> _Problem to work on_
The result should be an exact copy of only the lines from the one holding "Fireworks off Mayflower" through the last line of the data below, please, without pictures.

*** The data Section Begins ***

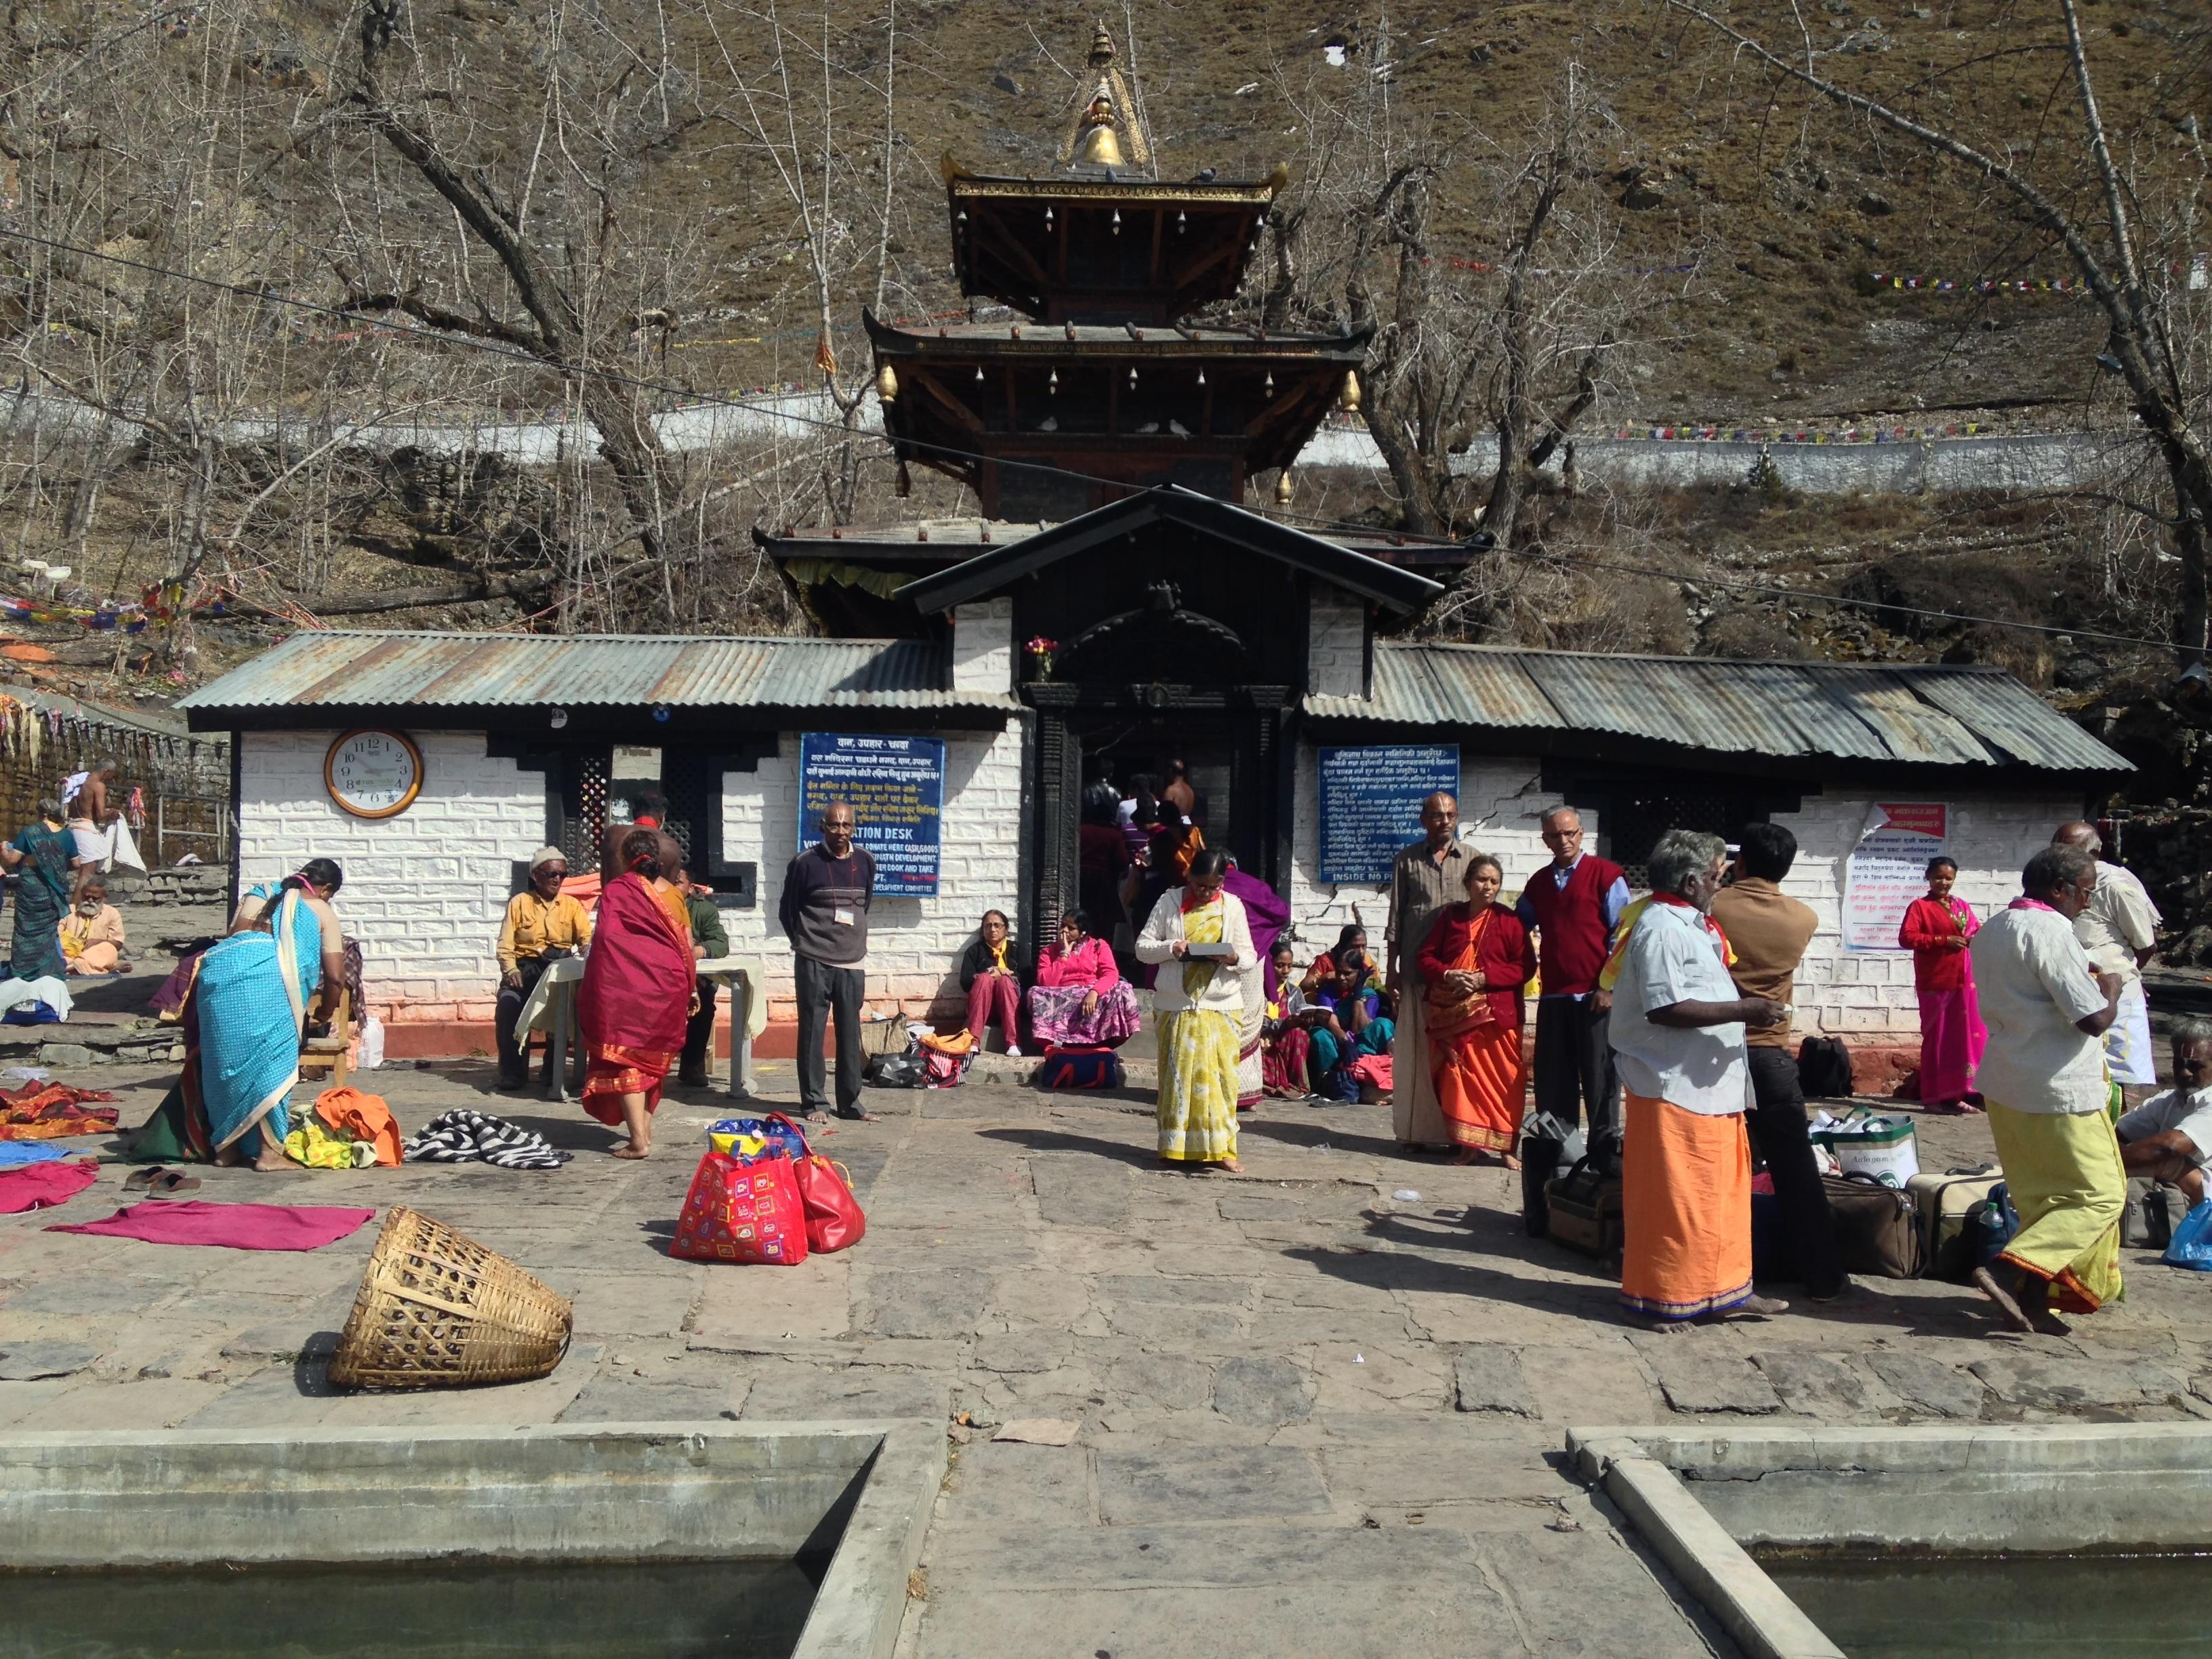 Hindu Pilgrimage Tour in Nepal- Muktinath Temple
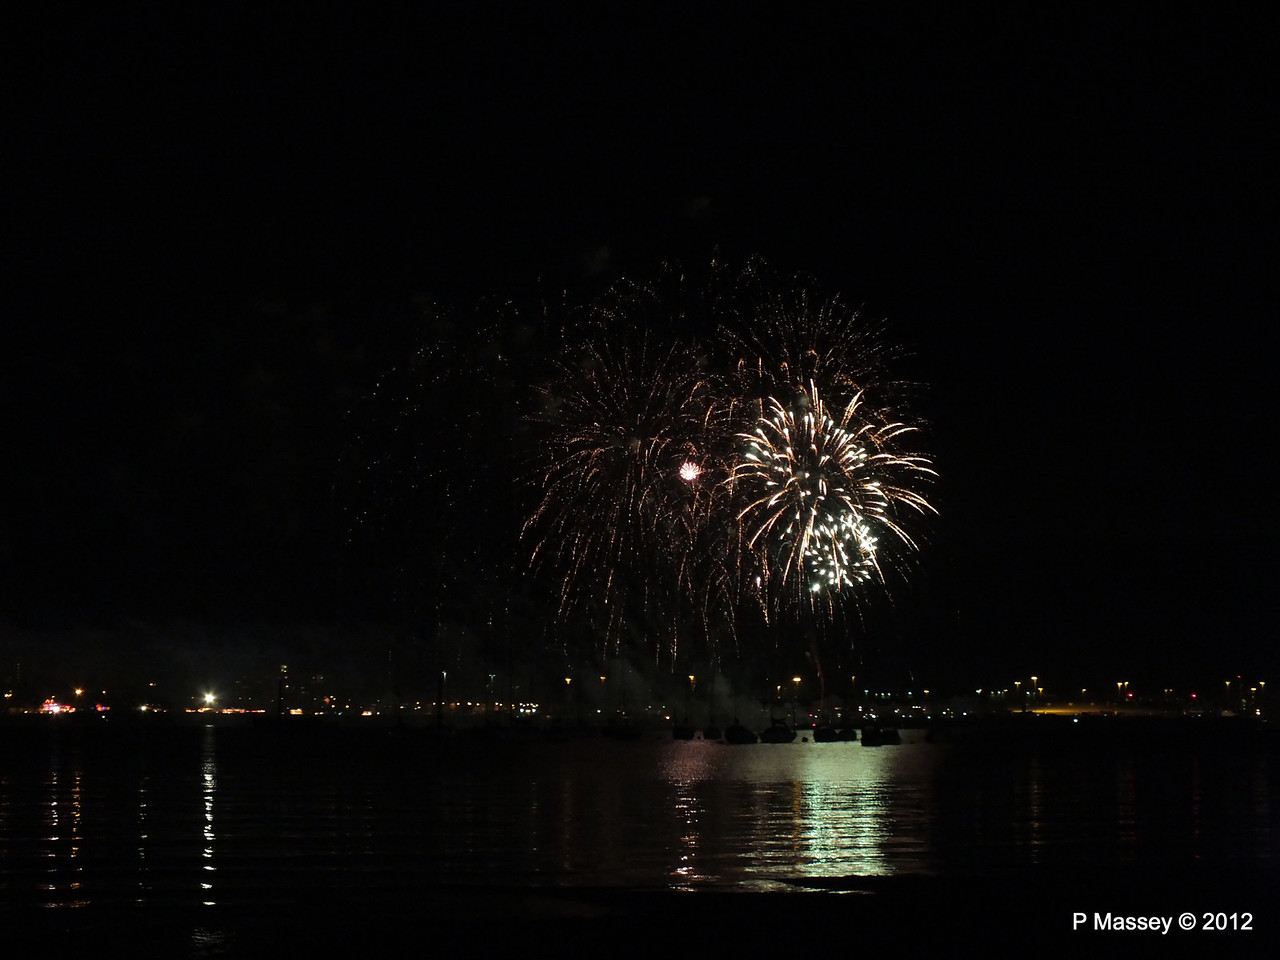 Fireworks off Mayflower Park PDM 03-11-2012 20-55-34
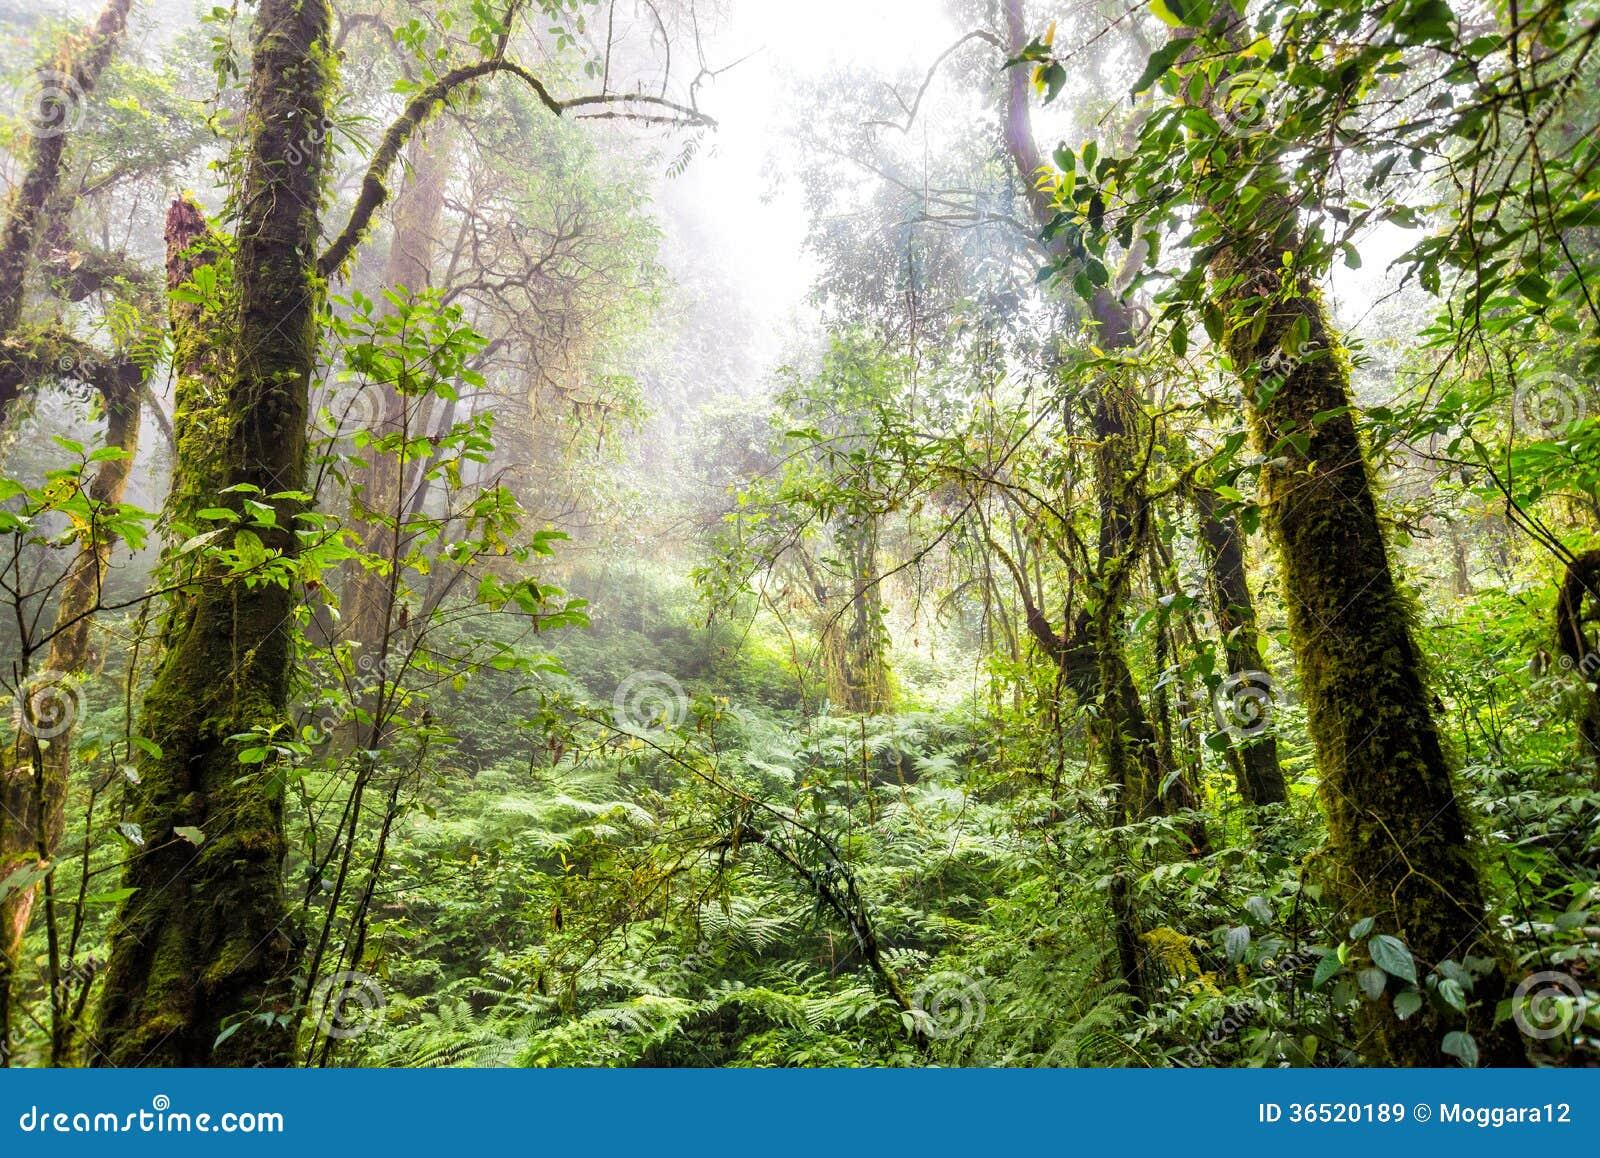 Tree forest in autumn season of thailand

*** The data Section Ends ***

> _Result of this exercise_
 Fireworks off Mayflower Park PDM 03-11-2012 20-55-34
 Tree forest in autumn season of thailand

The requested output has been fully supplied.